Main.swf: Main application. It loads Fonts.swf, registers the fonts inside it and uses the font throughout the application. Child.swf is a typical external swf loaded by Main.swf
Requirement:
Set the texts of text fields inside Child.swf once both Child.swf and Fonts.swf are loaded by the Main.swf AND the fonts in the Fonts.swf are registered by the Main.swf
Problem:
None of the texts in the Child.swf are visible when the text is set by the Main.swf even after registering the fonts of Fonts.swf. But when a dynamic text field is created by using new TextField() it works perfectly fine
If you or anyone else has a solution for this problem please do share.

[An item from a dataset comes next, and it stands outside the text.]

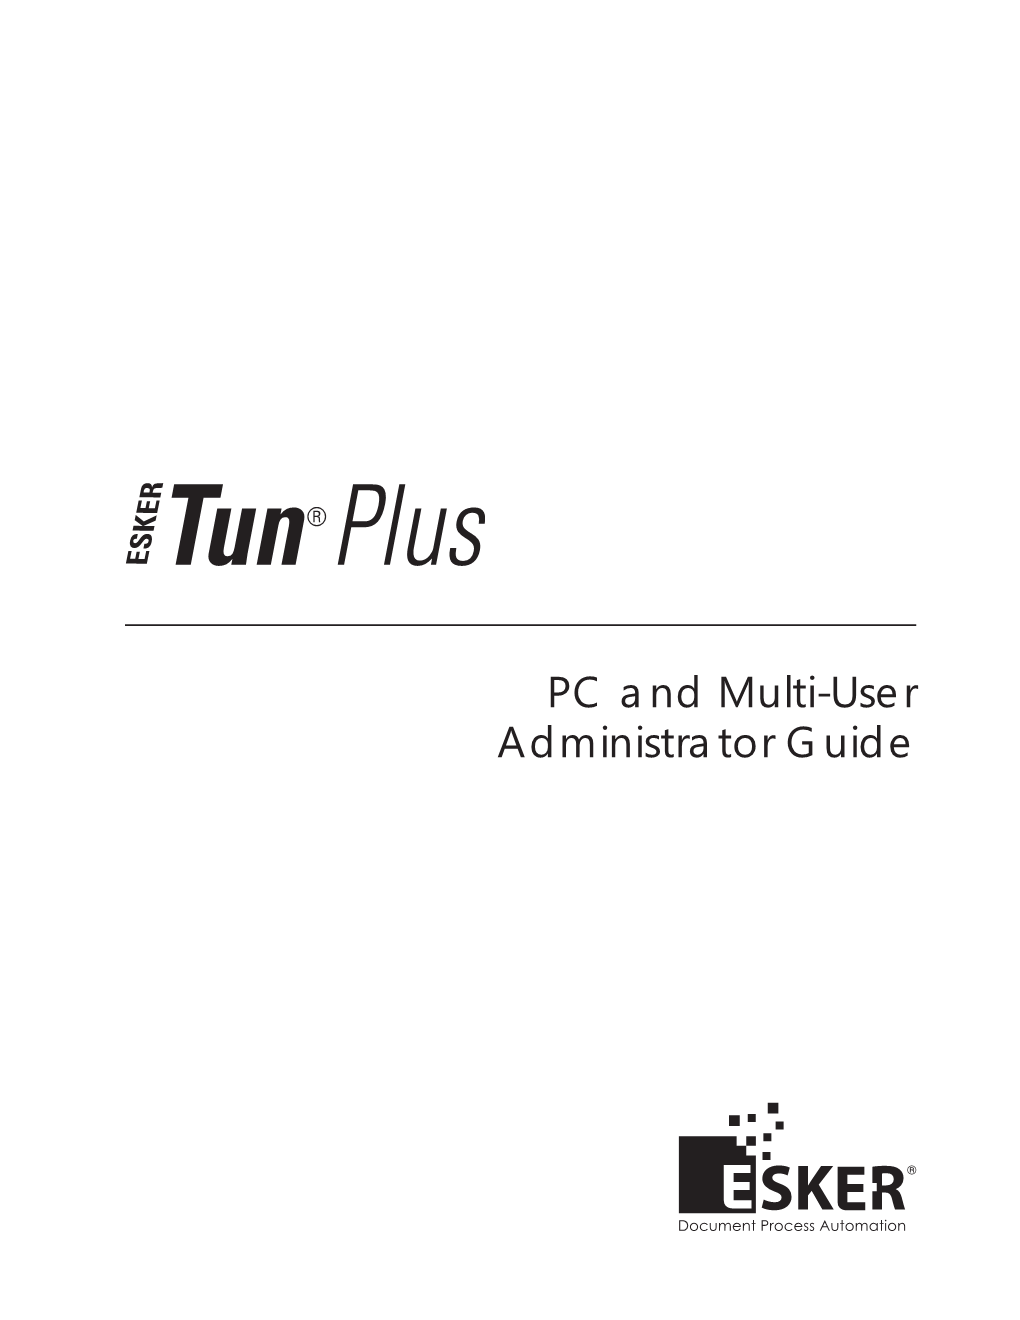 PC and Multi-User Administrator Guide Tun Plus 2016 - Version 16.0.0 Issued February 2016 Copyright © 1989-2016 Esker S.A
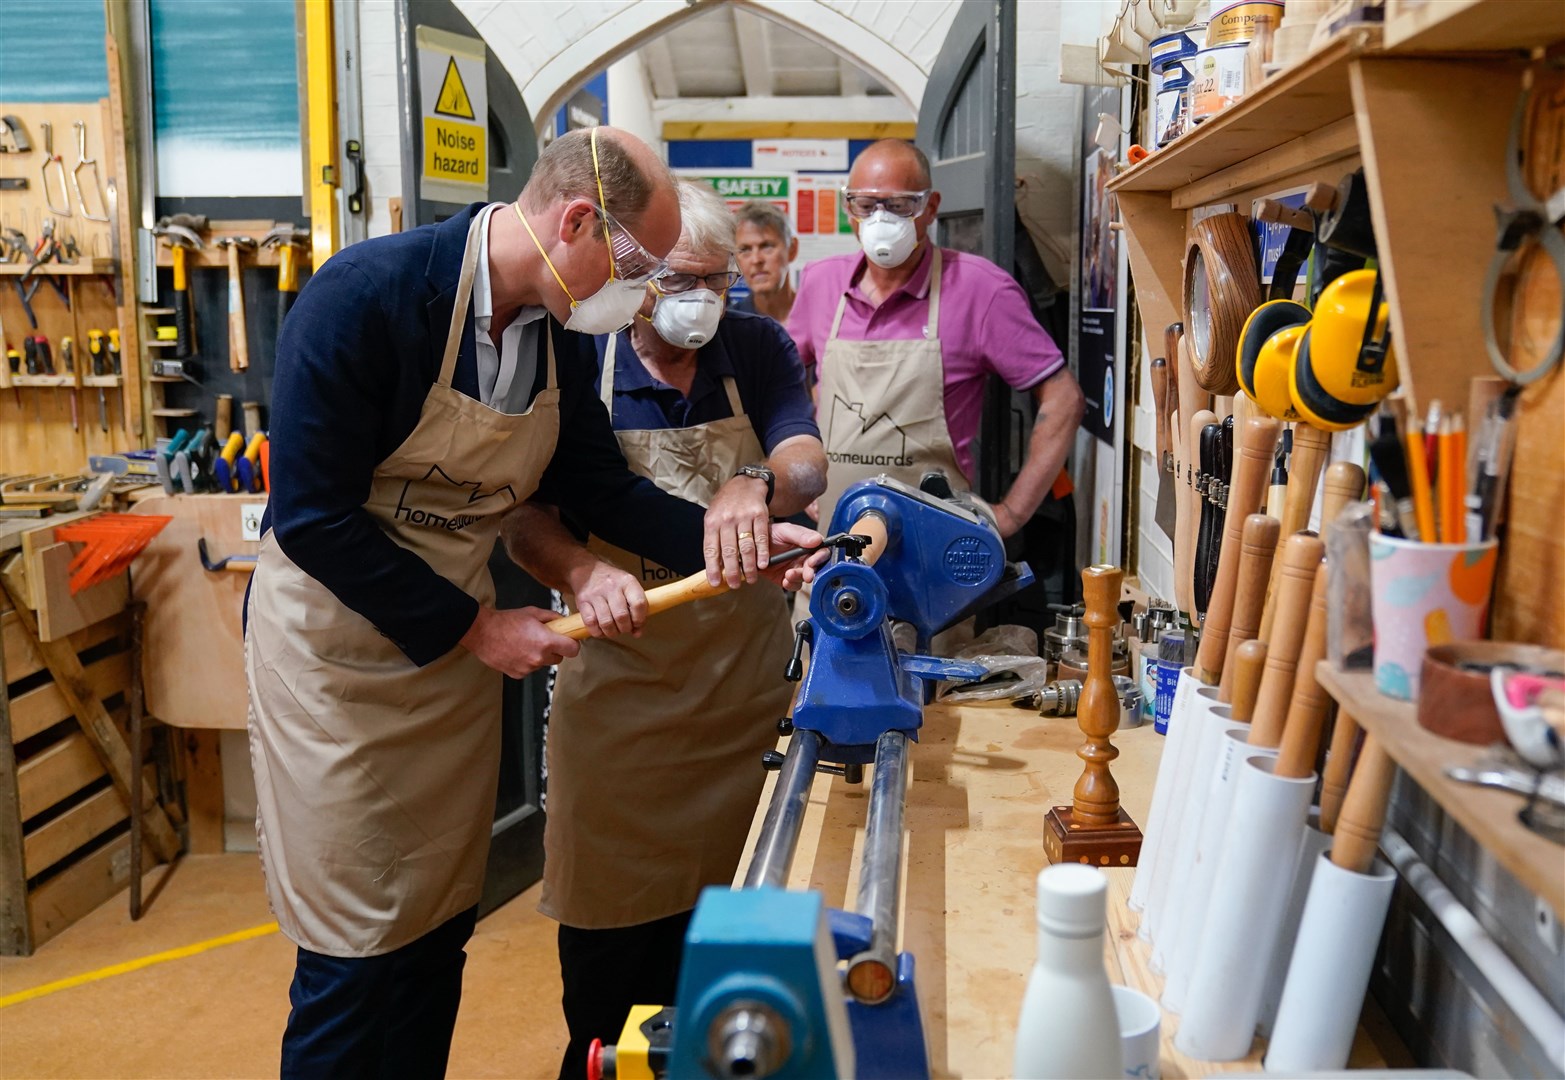 The Prince of Wales uses a lathe during a visit to Faithworks Carpentry Workshop (Andrew Matthews/PA)

@santoshs: you need to have a mechanism to set the text format for the static text when the loading is over. And you have to take care that the fonts are already loaded in the main , before you try to access it.
What I used to do is , Load the fonts intially and when they are loaded save them in an class as static variable.Then I used to wait for the intial assets to be laoded(like font and child .swf), and when they are laoded, I call a method(s) in the child swf(s) to set the text format according to the loaded font in the staic variable. All other assets loaded afterwards will be using the staic variable text format to set their text after they are laoded. In this way you can get both your staic and dynamic text hold the loaded font.